§ **Task brief**:
Please give back the listing below word for word, without the images.

§ **Given material**:

^^^^^^^^

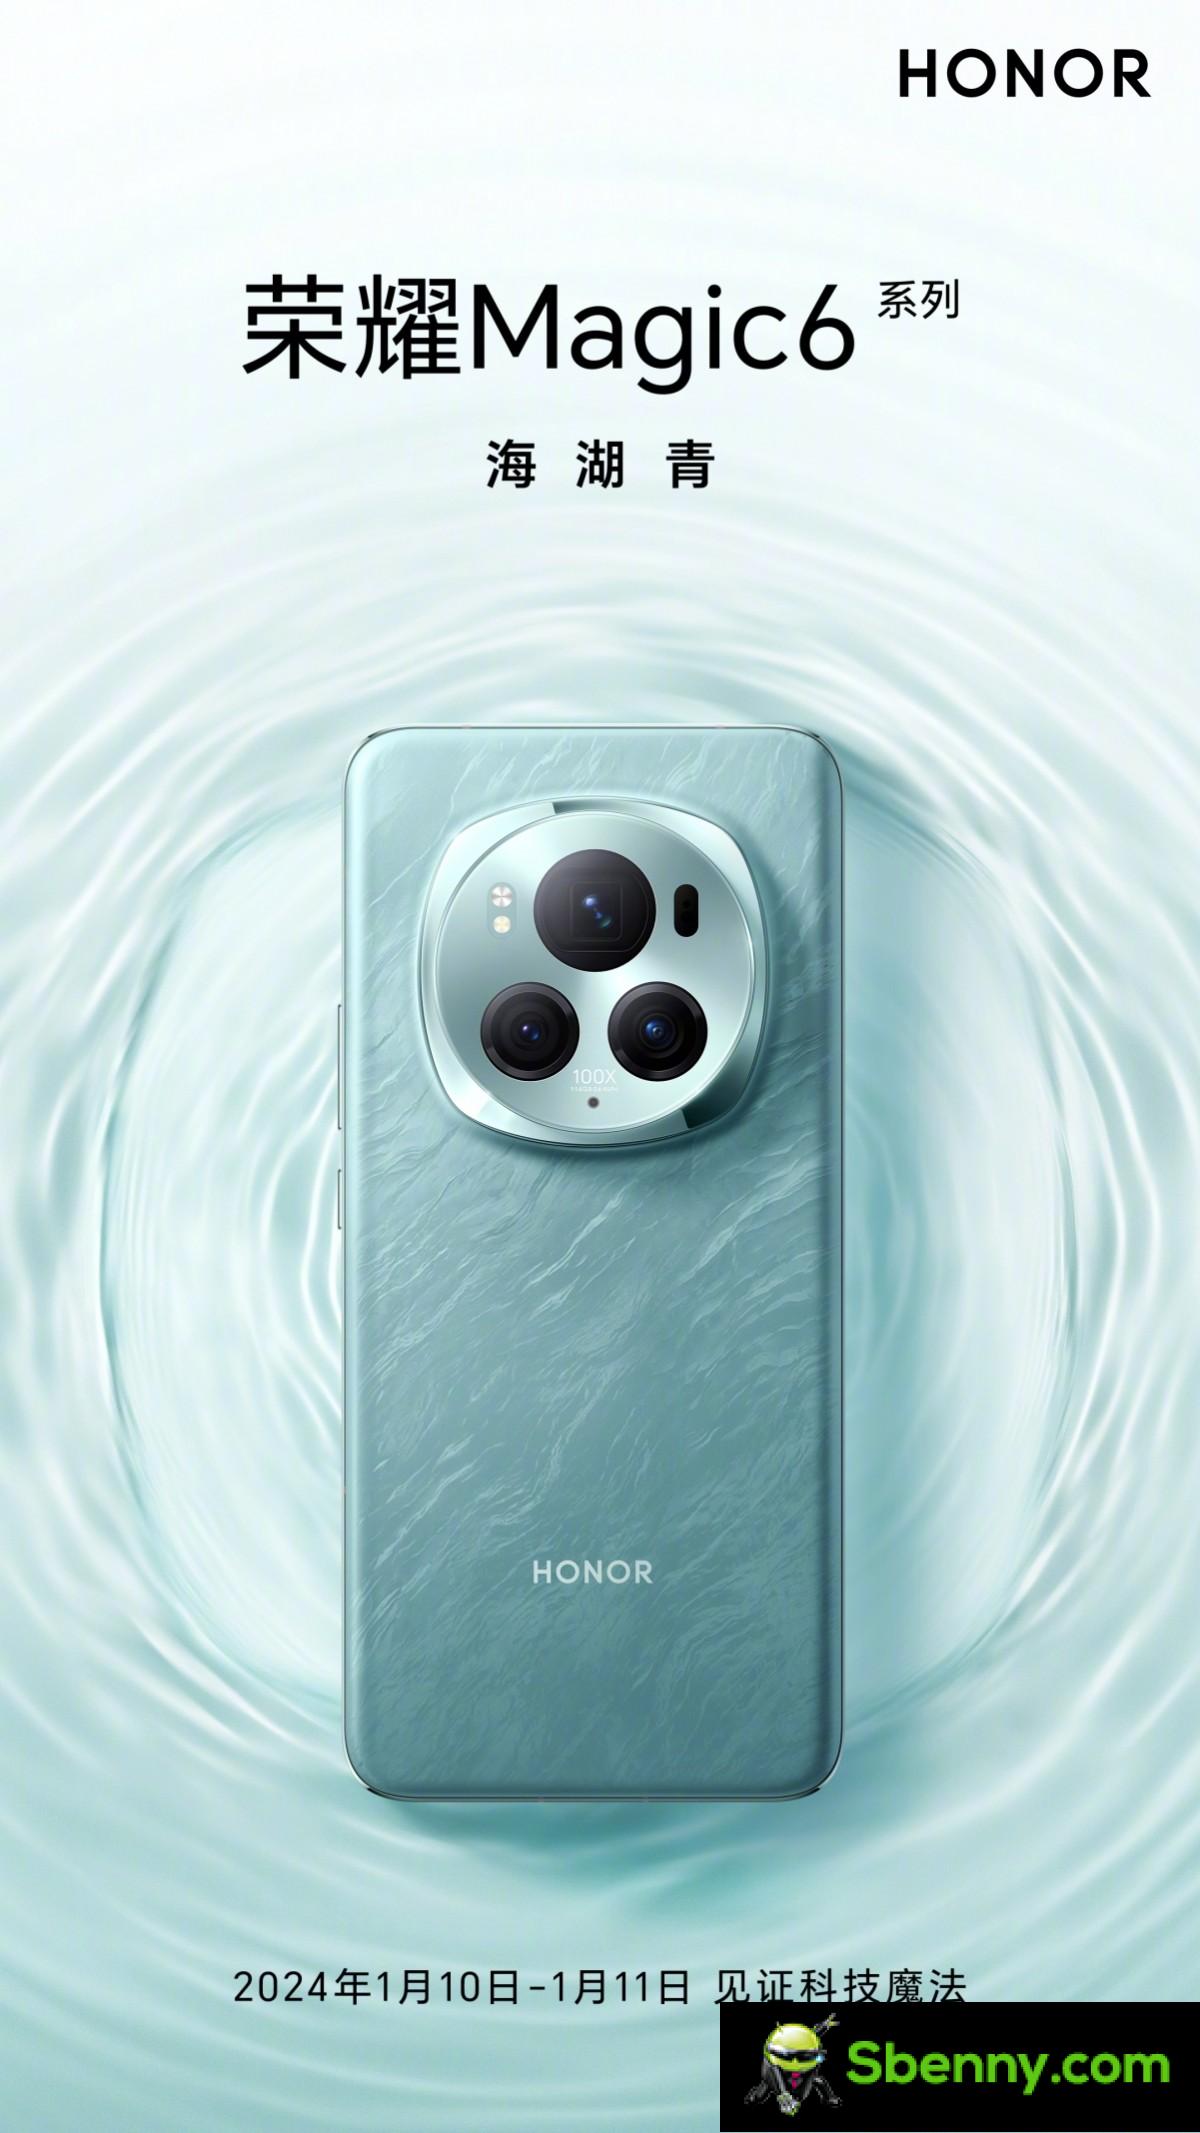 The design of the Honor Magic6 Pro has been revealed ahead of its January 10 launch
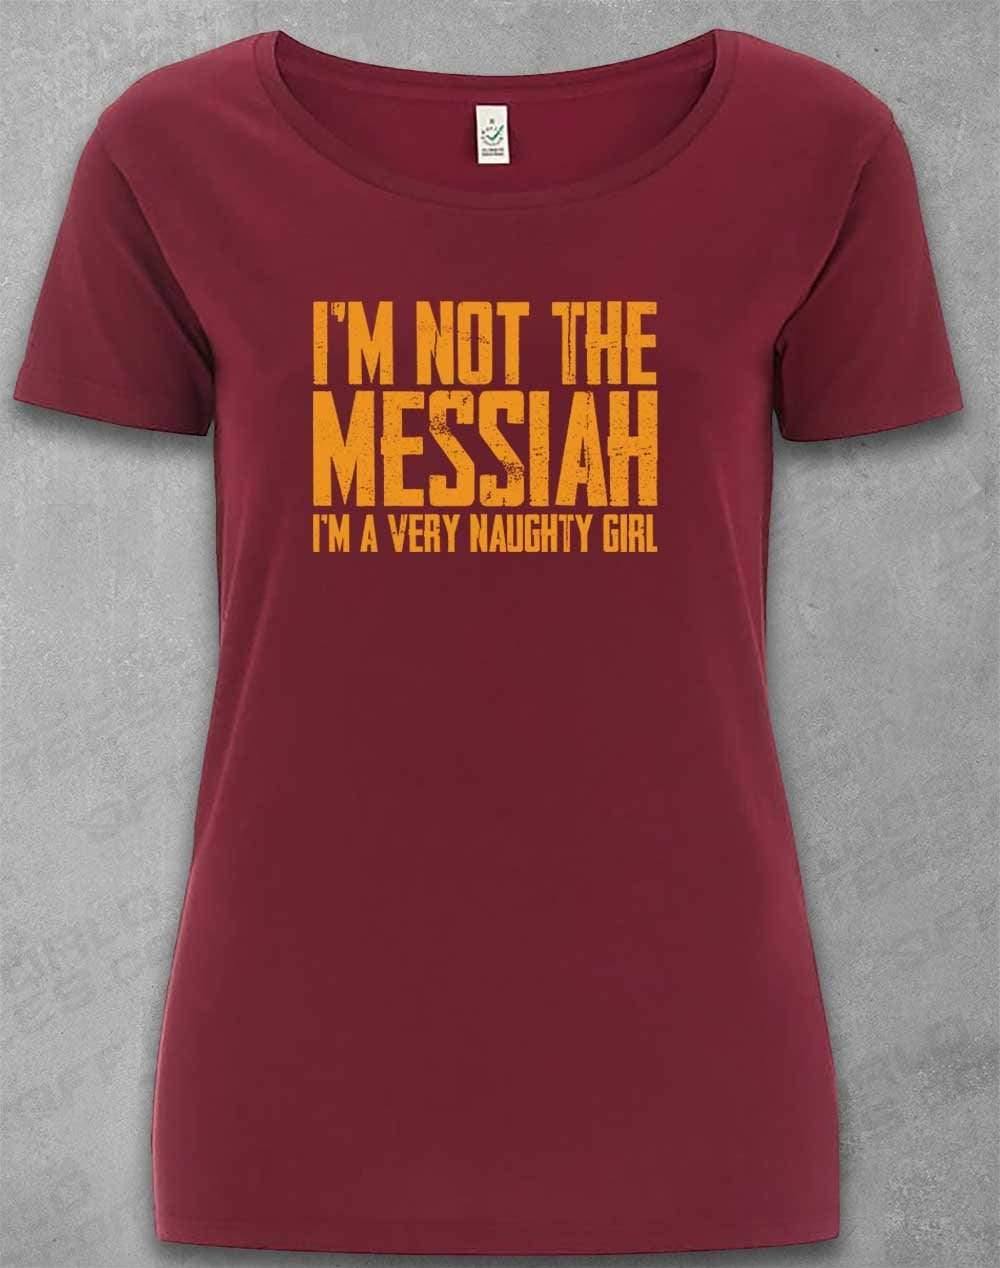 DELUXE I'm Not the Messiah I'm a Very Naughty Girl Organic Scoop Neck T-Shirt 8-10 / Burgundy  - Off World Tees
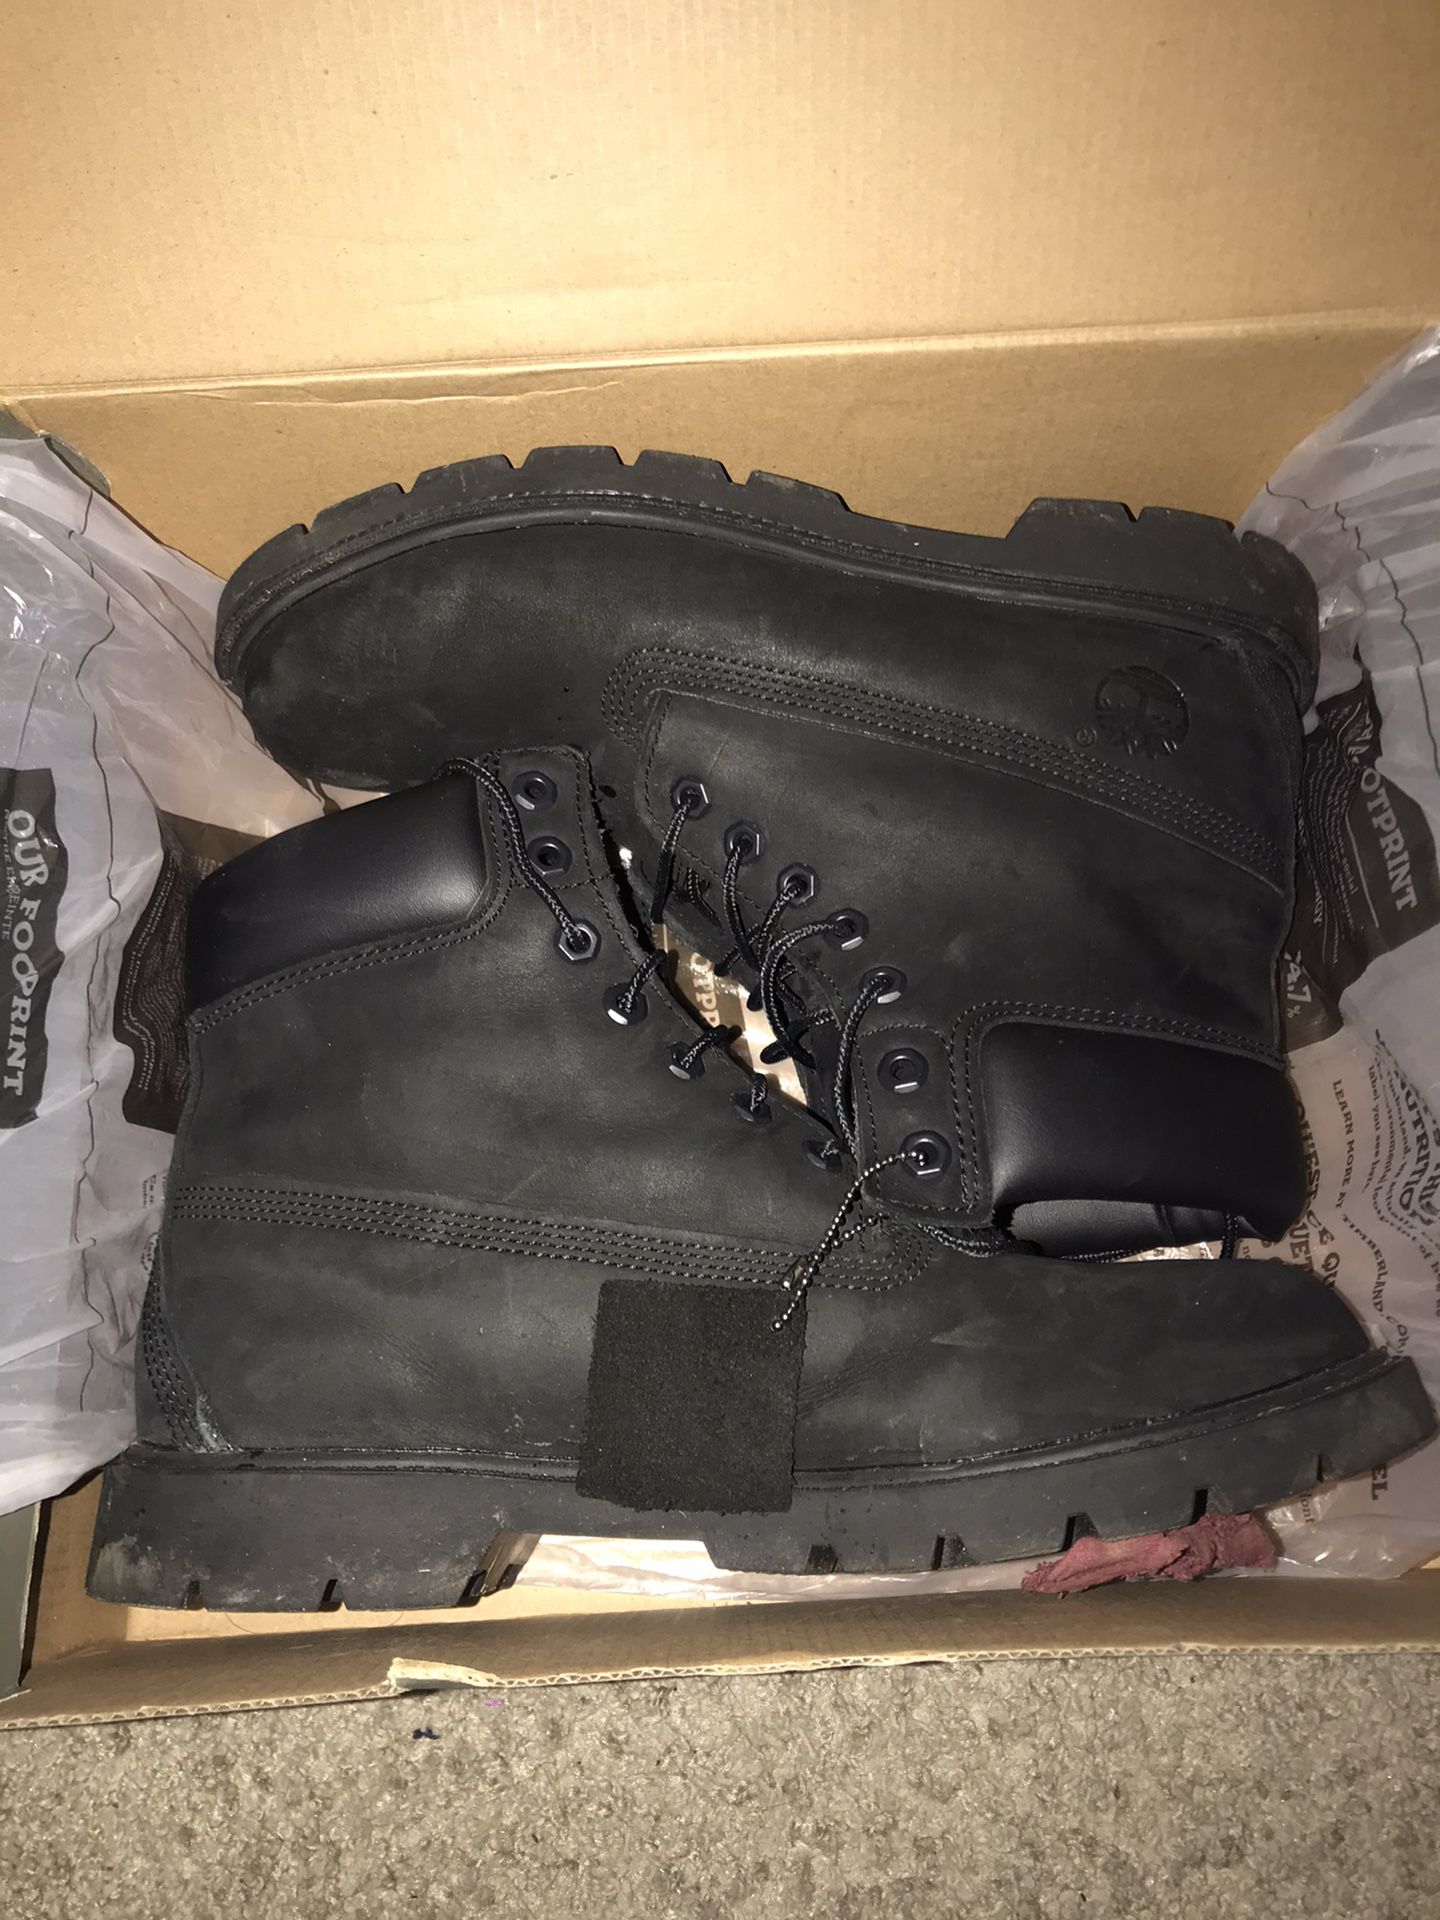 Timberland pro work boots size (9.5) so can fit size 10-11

^^^^^^^^

§ **Response area**:
 The design of the Honor Magic6 Pro has been revealed ahead of its January 10 launch
 DELUXE I'm Not the Messiah I'm a Very Naughty Girl Organic Scoop Neck T-Shirt 8-10 / Burgundy  - Off World Tees
 Timberland pro work boots size (9.5) so can fit size 10-11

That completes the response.